Written by Jeff Meyer on 20 Jan 2016
New research by scientists at the federal U.S. Centers for Disease Control revealed a slight increase in the rate of children who are born with congenital cerebral palsy in 2015.
In 1985, the first year being investigated in the study, 1.9 per of 1,000 children born were diagnosed with congenital cerebral palsy, while, in 2002, that number had increased to 2.2 per 1,000. Though researchers did not appear to be terribly concerned by the rather slight increase, they did express worries about other findings. For instance, medical care vastly improved between 1985 and 2002, and yet CP is statistically just as prevalent seventeen years later. This seems to suggest that if health care had not improved during those seventeen years, the rate of babies born with cerebral palsy might have increased substantially more.

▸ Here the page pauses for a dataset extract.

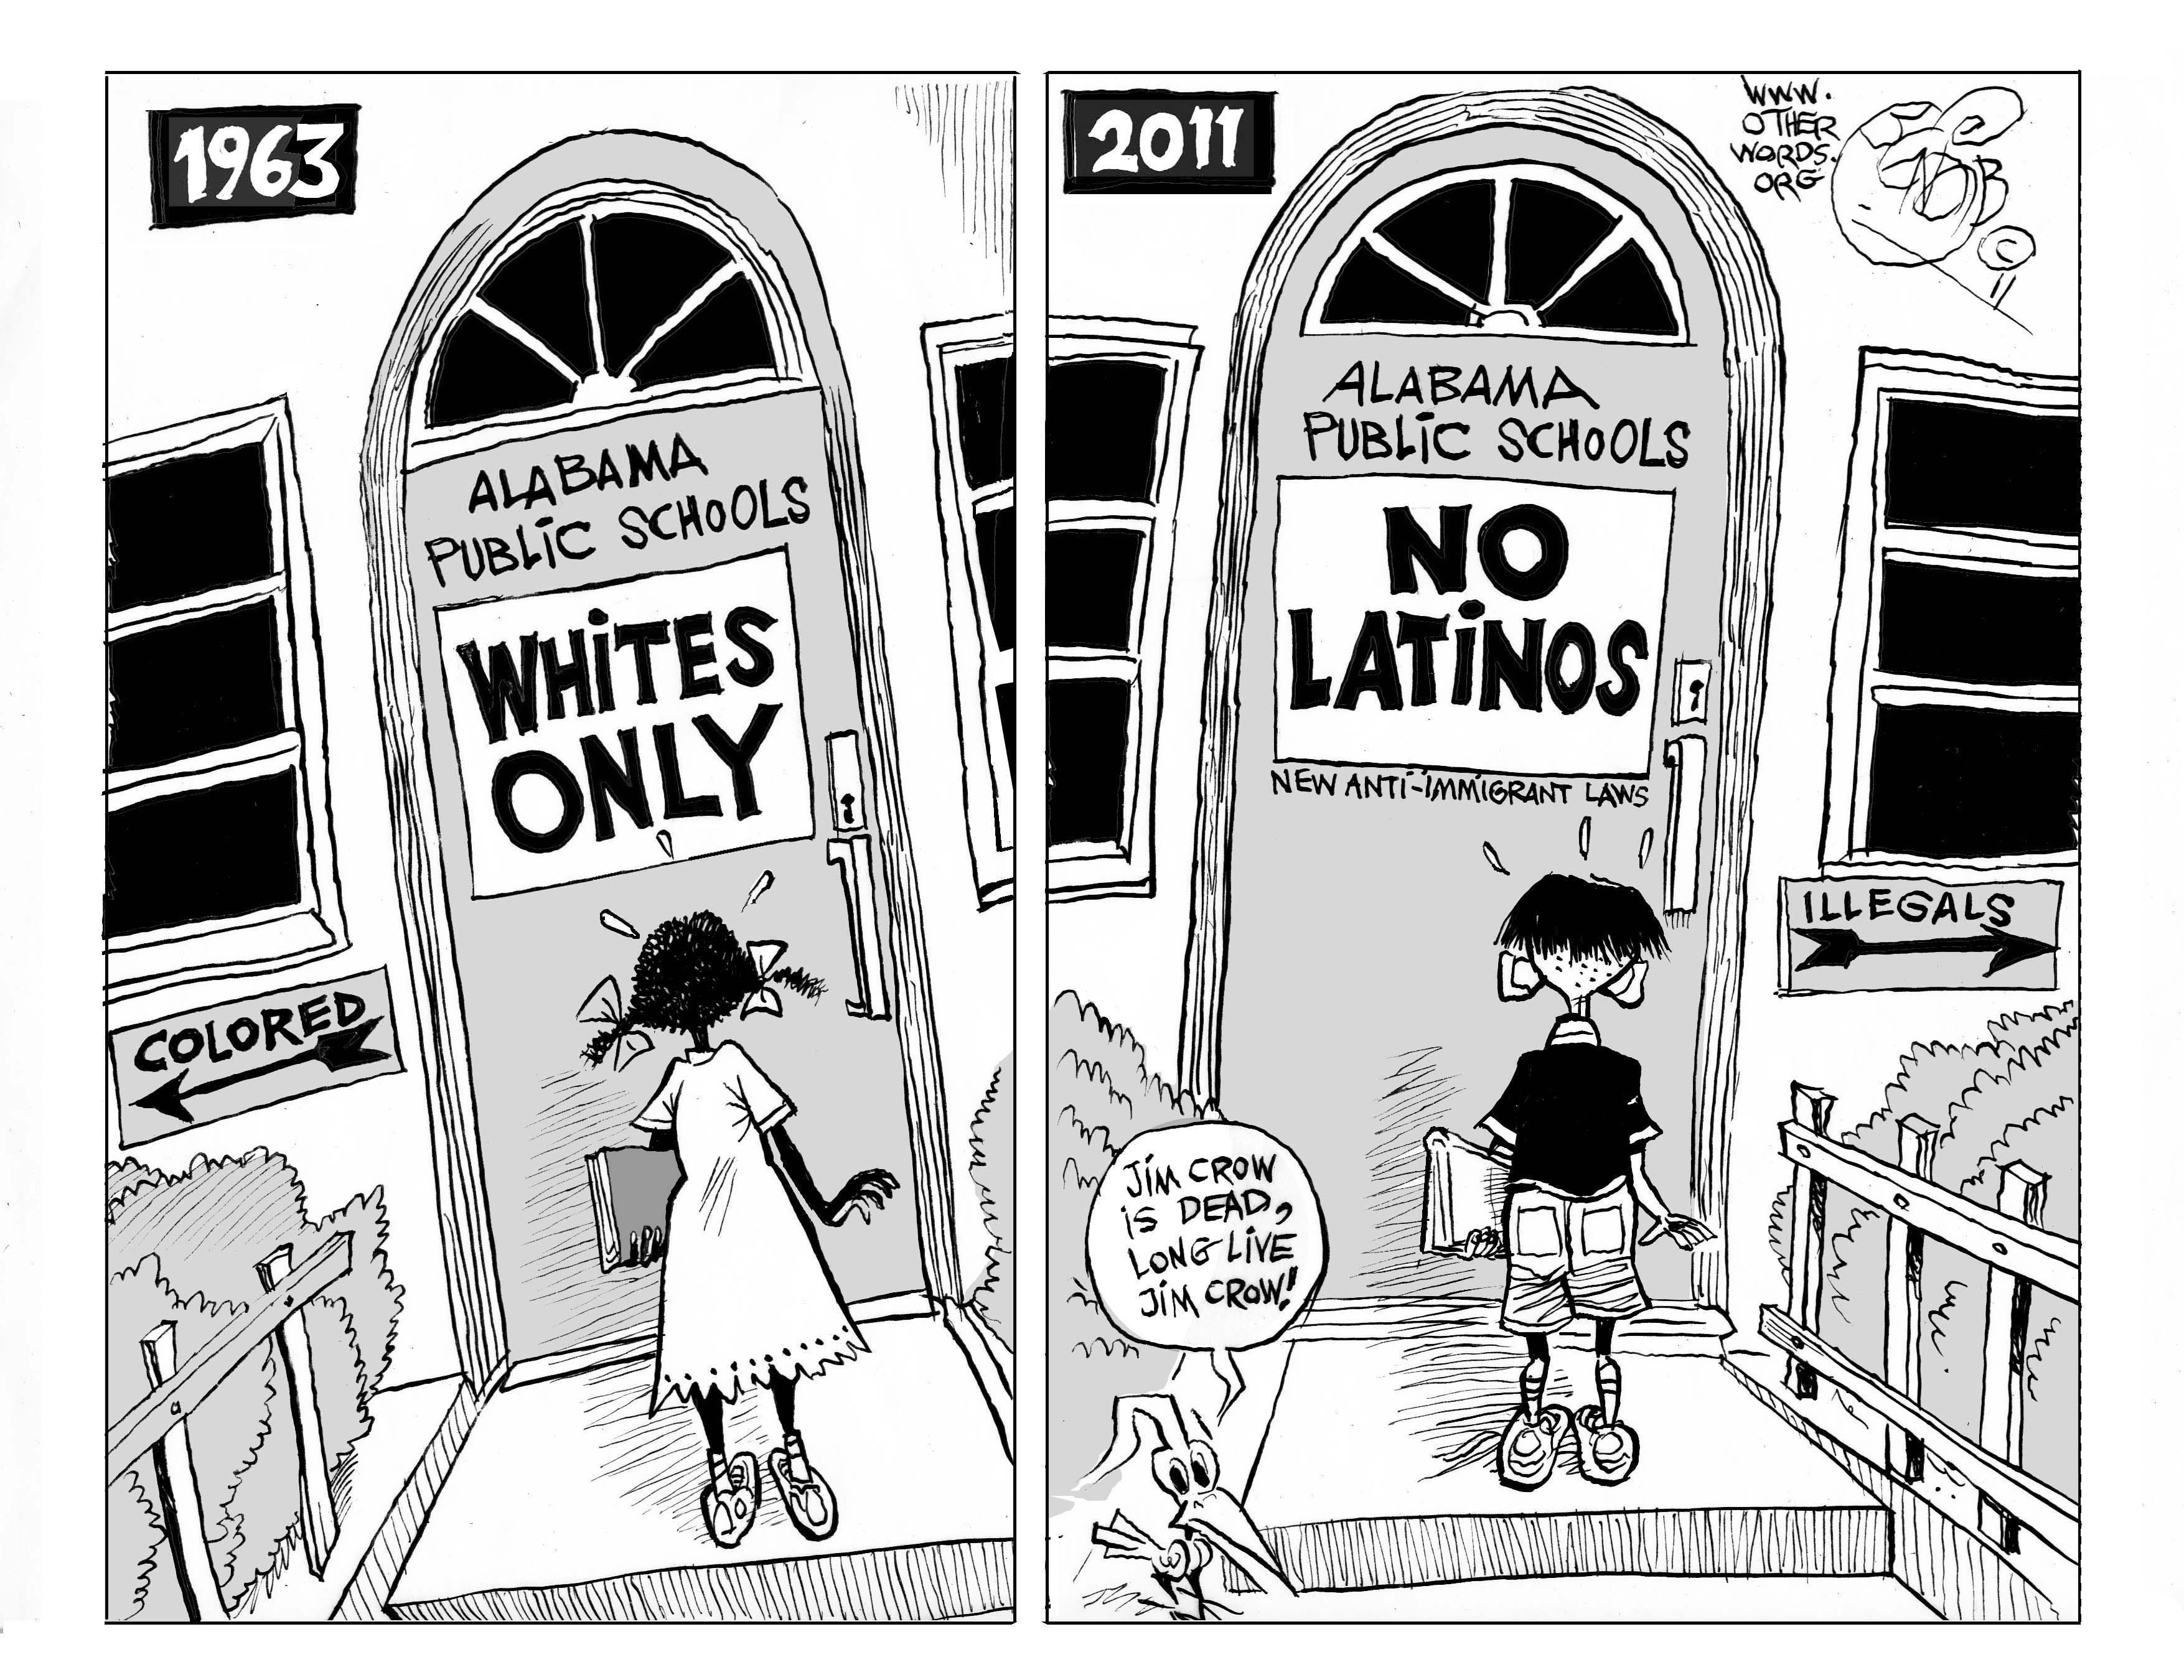 Public School Cartoon Alabama-immigration-cartoon.jpg

Furthermore, the researchers noted a higher statistical prevalence of CP amongst African-American children than among Hispanics and Caucasians.
While individual cases may differ, this is due in large part to many factors, most especially the lack of access to, or inability to find quality health care for expectant mothers and infants, general poor health and nutrition, and the absence of financial resources to provide for their infant’s physical needs. As the researchers concluded, this suggests that there is ongoing need to remain cognizant of and to cater to the needs of both cerebral palsy patients, as well as their families.
Medical experts estimate that anywhere from 4-25% of CP cases are potentially linkable to medical negligence. The study did, however, cite increased survival rates of infants born early and hence with lower birth weights. TThis finding from the research is significant because nearly half of all children who develop cerebral palsy were born prematurely, and roughly ninety percent of these cases are believed to be connected to issues related to the birth itself, or right after it.
Cerebral palsy is a condition whereby a disorder within a person’s brain interferes with their bodily movement and increases the likelihood of speech, vision, and hearing disorders among its young victims. Some babies with CP do not roll over as early as they should. Over ninety percent of CP cases are congenital, which means that the disorder was present at birth. Only two percent of CP cases are believed to be genetic, and the ailment is slightly more frequent in males than females. Spastic cerebral palsy, where muscle tightness is the primary symptom, occurs in 70% of all CP cases, which results in significant and lifelong developmental difficulties in patients.
While there is no cure for cerebral palsy, certain treatments, medications, and therapies have been known to help its patients, which if sought and combined with a total patient care plan, significantly increased the quality and length of life of cerebral palsy patients.